The current study is a follow-up to a study conducted in 2007 with about 250 participants that focused solely on Washoe County educators and compared the use of a workbook Hayes wrote called “Get Out of Your Mind and Into Your Life” to having subjects complete a questionnaire from which they didn’t receive any information about coping. Jeffcoat said the 2007 study was a simpler version of what Long and Hayes are conducting now.
“We began to wonder if the processes tested inside Steve Hayes’ workbook are the processes that help us get those outcomes (of professional efficacy and fulfillment) or if there are some other therapeutic processes with WALRUS to compare really two different therapeutic training approaches in self-help manuals that will help more with emotional acceptance or if trying to change thoughts and feelings is more useful,” Jeffcoat said.
Using the workbooks seemed to generate the best results, Jeffcoat and Hayes agreed.

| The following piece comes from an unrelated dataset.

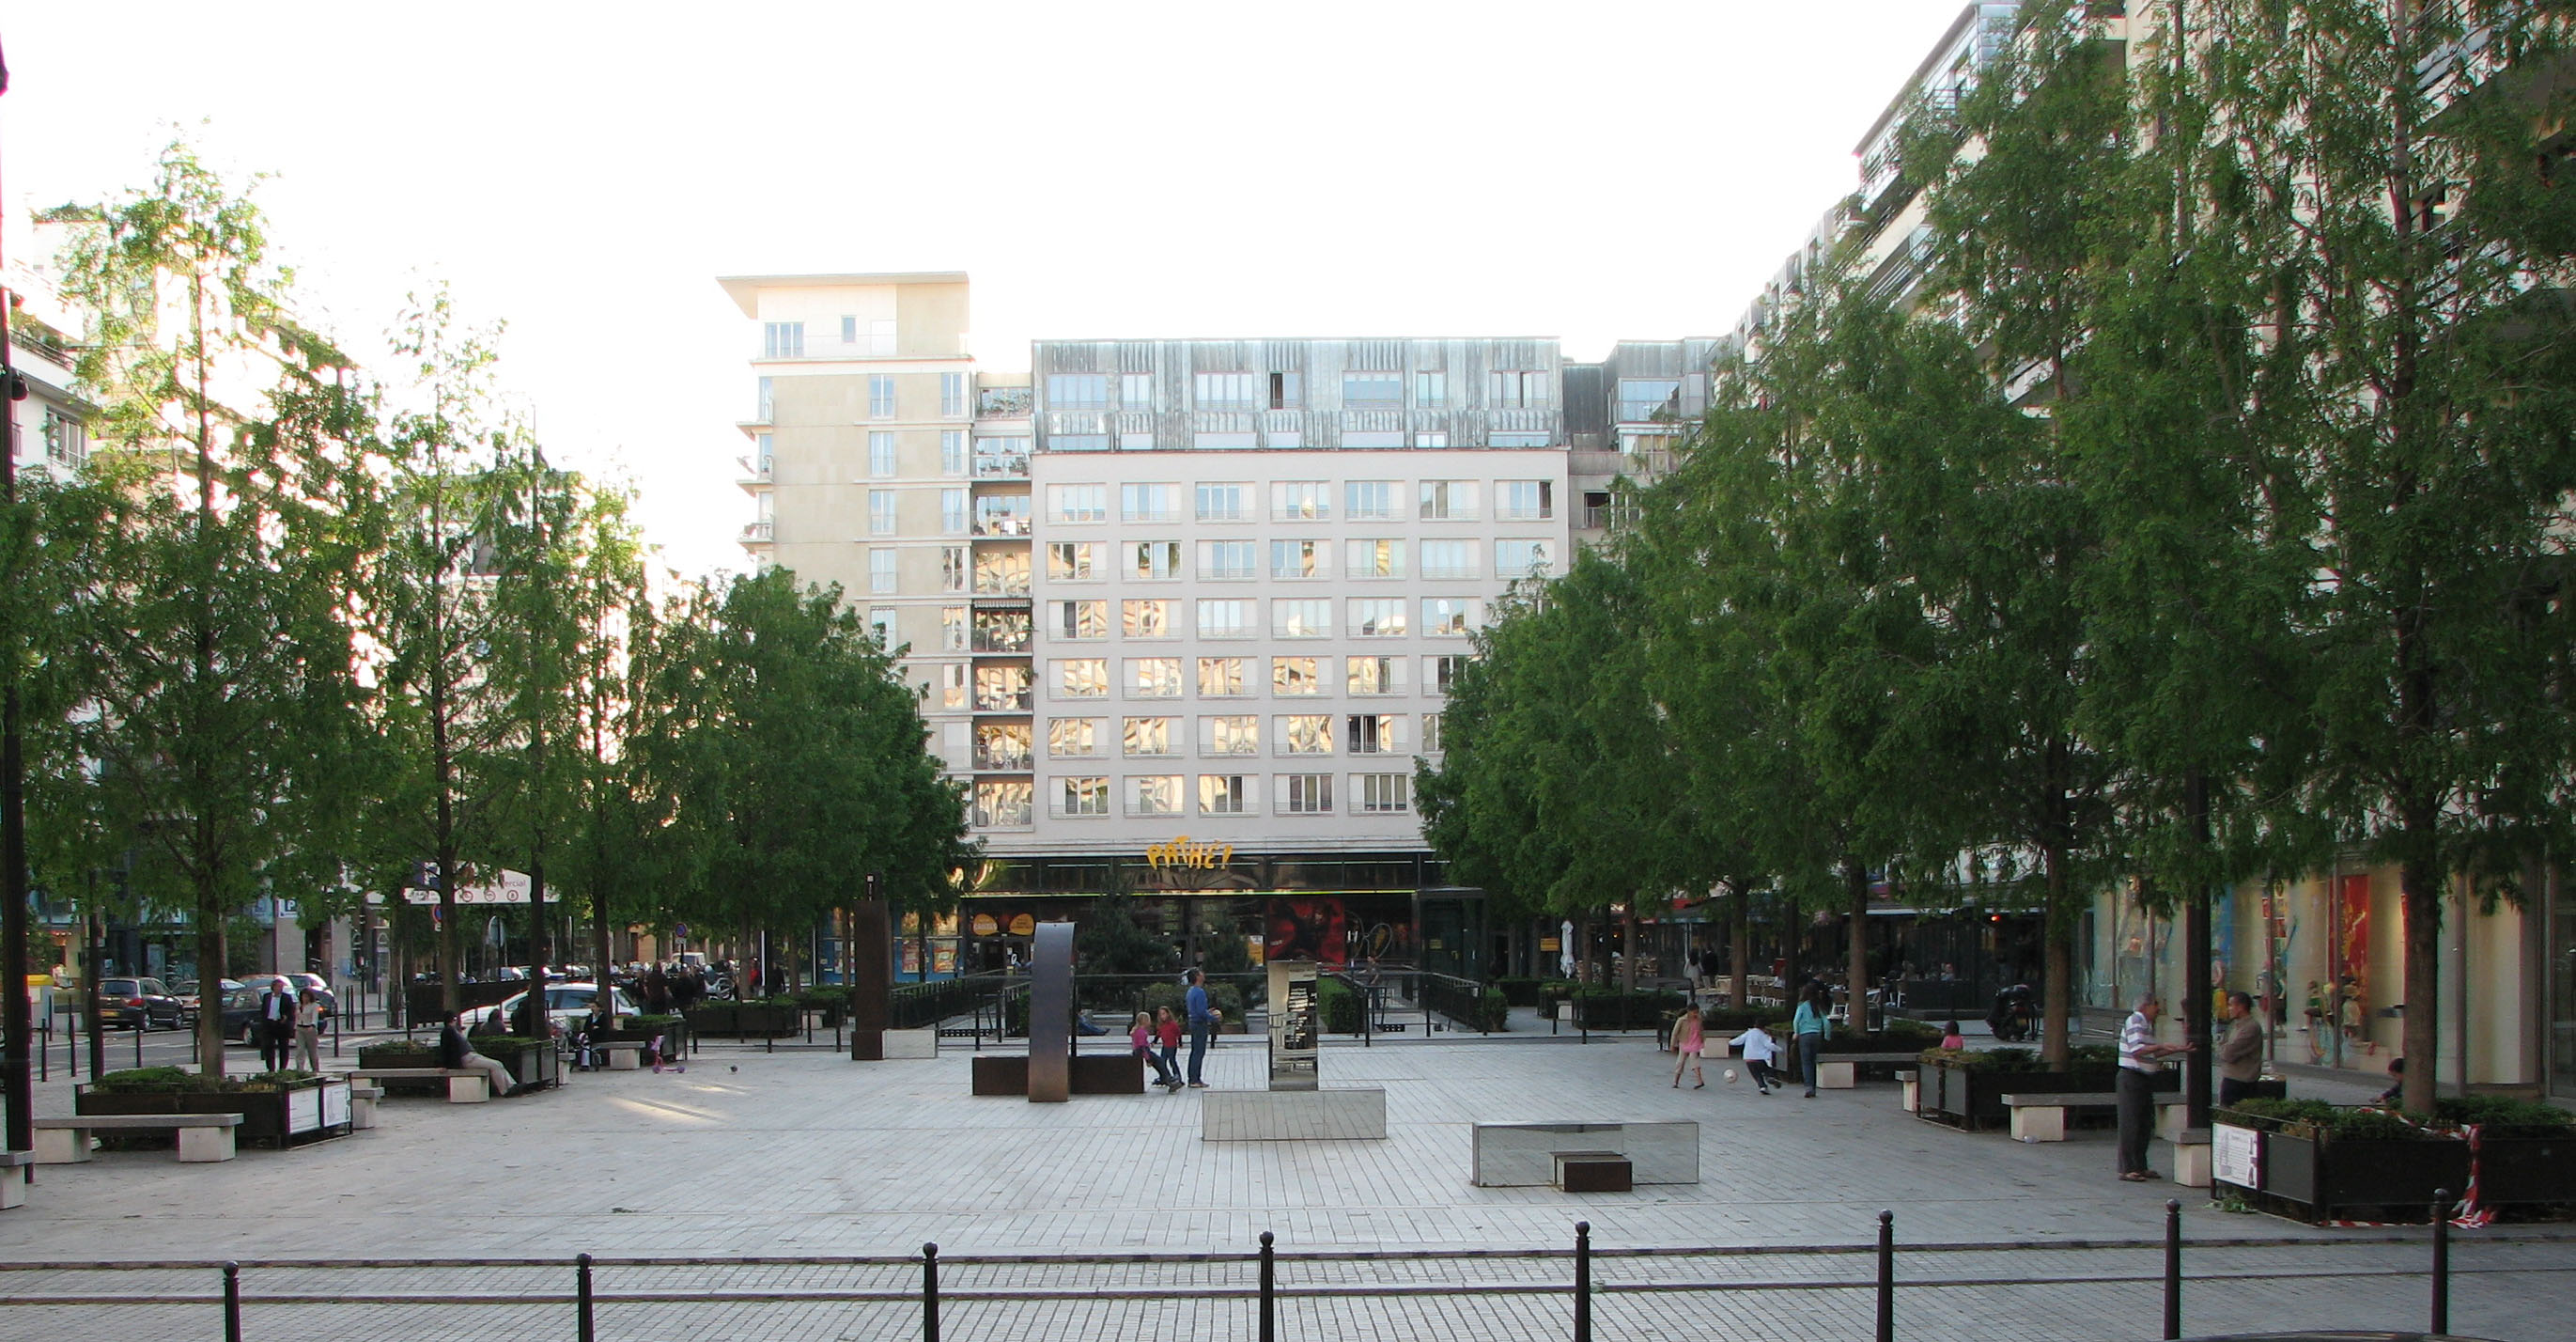 Centre ville boulogne billancourt for Boulogne billancourt piscine

“Over time, it led to higher levels of work-related satisfaction, engagement and lower levels of burnout,” Hayes said. “There’s so much need out there. You can’t take them and put them in a mental health building. That’s an unrealistic way of reaching people.”
The study will continue on for about nine or 10 months, Long said, and some volunteers will be told to wait before receiving a workbook in the mail. They will be placed on a certain schedule and given chapters to read per week and will later be quizzed to ensure they’re understanding the material, Long said. Teachers will receive 1.5 in-service credits, which Long said some teachers will find appealing.
Though the study can apply to virtually any worker in any field, teachers were chosen because of their connection with children. They were also chosen because they can help their students handle stress factors in addition to handling their own, the researchers said.
“We think that teachers are just exemplary people who are very important role models and who are under massive amounts of stress and are serving our children,” Jeffcoat said. “So we care about teachers because we have to care about teachers if we’re going to care about our world. We have to care about our educators and if we care about our educators then we in the psychology field have to care about the kinds of psychological and behavioral processes that help them be healthy people while they’re trying to educate our children.”
Hayes and Long are seeking about 600 participants in Nevada.